Klipsch Educators College’s residency program, and particularly those within it supported through the TQP grant, are developed and supported with educator retention in mind. Marian ensures this by maintaining the connection from pre-service teaching work to in-service work through common rubric language. After learning about NIET’s Aspiring Teacher rubric in their college classes, where it is embedded into the coursework, participants in the TQP program work directly with NIET partners that use the NIET Teaching and Learning Standards Rubric, which served as the foundation for developing the aspiring teacher rubric. This makes for a seamless and expected transition for new teachers, eliminating possible steep learning curves and wavered confidence due to being tasked with learning an entirely new protocol when entering an unfamiliar school system.
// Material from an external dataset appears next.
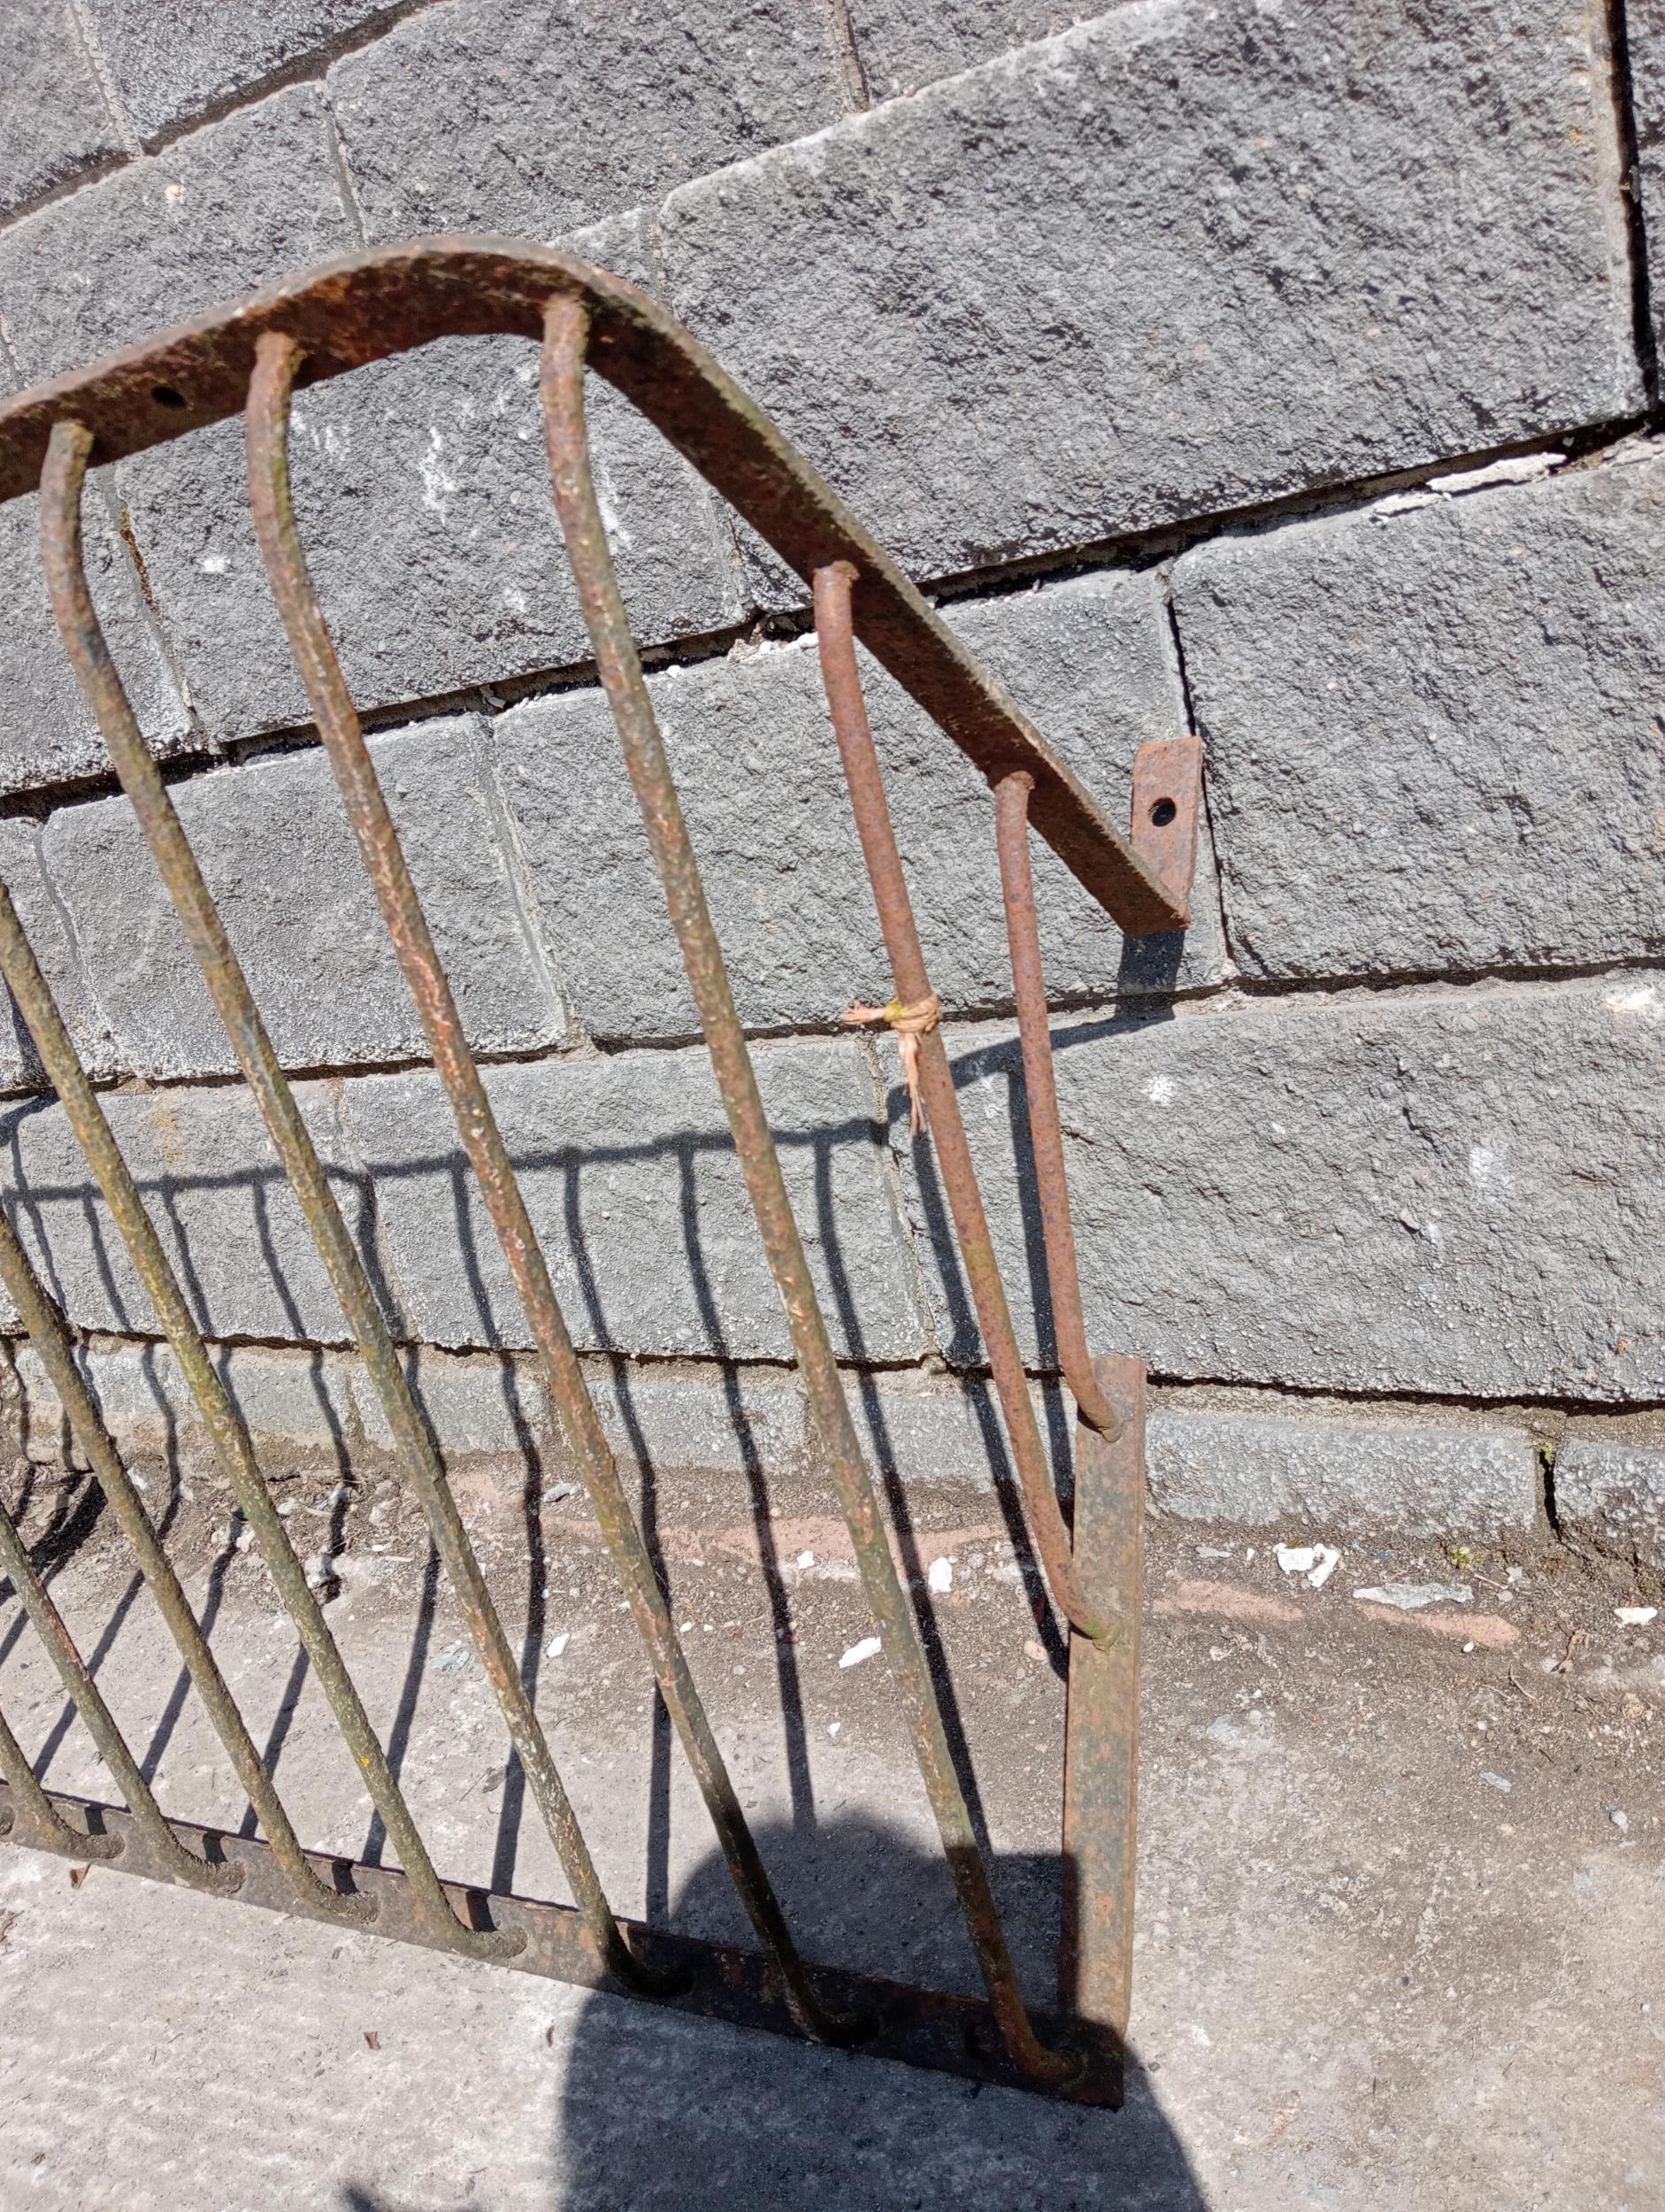 Wrought iron hay feeder rectangle {H 60cm x W 98cm x D 46cm }. (NOT AVAILABLE TO VIEW IN PERSON) - Image 4 of 4

In addition, participants often stay with the same mentor teachers from their residency at the partner schools, to their employment at the partner district, which directly supports teachers in their transition to the classroom. By maintaining the same rubric and standards, same district, and even the same mentor, student teachers are offered the optimal runway to succeed - and stay - in their classrooms for years to come. 

By transcending from preparation to practice, this robust support structure and lessons embedded in real-life circumstances are proving effective. Recent graduate Hope Spaulding is a shining product of the residency’s first cohort.

Spaulding was enrolled in Marian’s Promise Residency Program from its inception, participating in its first cohort. She started her yearlong residency for the 2020-21 school year at Perry Meridian Middle School, within Perry Township Schools. Following her residency, she has been at Southport Middle School, which serves 1210 students as of the 2023-24 school year, of which 68% are students of color, and 77% are eligible for free or reduced meals. Marian’s Promise Residency Program also promotes a grow-your-own pipeline within Indiana schools by connecting student teachers with their local community and districts as they begin their professional careers. 

Spaulding’s district of residence is a longstanding partner of NIET, which provided a seamless transition to a real-life experience with a district familiar with the practices she learned in the classroom through Marian before her clinical experience. Perry Township Schools uses the NIET Teaching and Learning Standards Rubric, offers varied career pathways, and implements weekly cluster meetings among teachers - a staple practice among many NIET partners to promote community and shared learning among teachers while providing them with instructional strategies specifically designed to work with their students. 

Cluster meetings and strategic instructional development offer support for new teachers from day one, giving them one-on-one coaching and mentoring to eliminate some of the challenges that year-one teachers face. 

When districts like Perry Township Schools and Marian University are on the same page on supporting students before they’re even out the door, it gives students like Spaulding the space to learn, grow, and succeed - a foundation that Spaulding said was simply invaluable.

“I loved that I got a full year under a mentor where I could truly get my bearings as a new teacher. One semester just isn’t enough time,” Spaulding said. 

Spaulding’s story is just one out of the four cohorts of students learning and living their way through Marian’s Promise Residency Program and one success joined by all who participated in the TQP grant. According to survey data, out of all the participants supported through the Marian TQP grant, 100% reported feeling well-prepared to start teaching their classroom upon completing residency - a major indication of the impact that the local residency program and preparation with the ATR had on the group. 

While Marian University’s TQP grant is coming to a close, with stories like Spaulding’s illustrating its impact, Klipsch College and the Marian Promise Residency Program continue to keep retention in mind and use NIET’s ATR in its work to guide student teachers through their classes and residencies, so that future teachers enter the profession prepared to elevate the industry, one student at a time.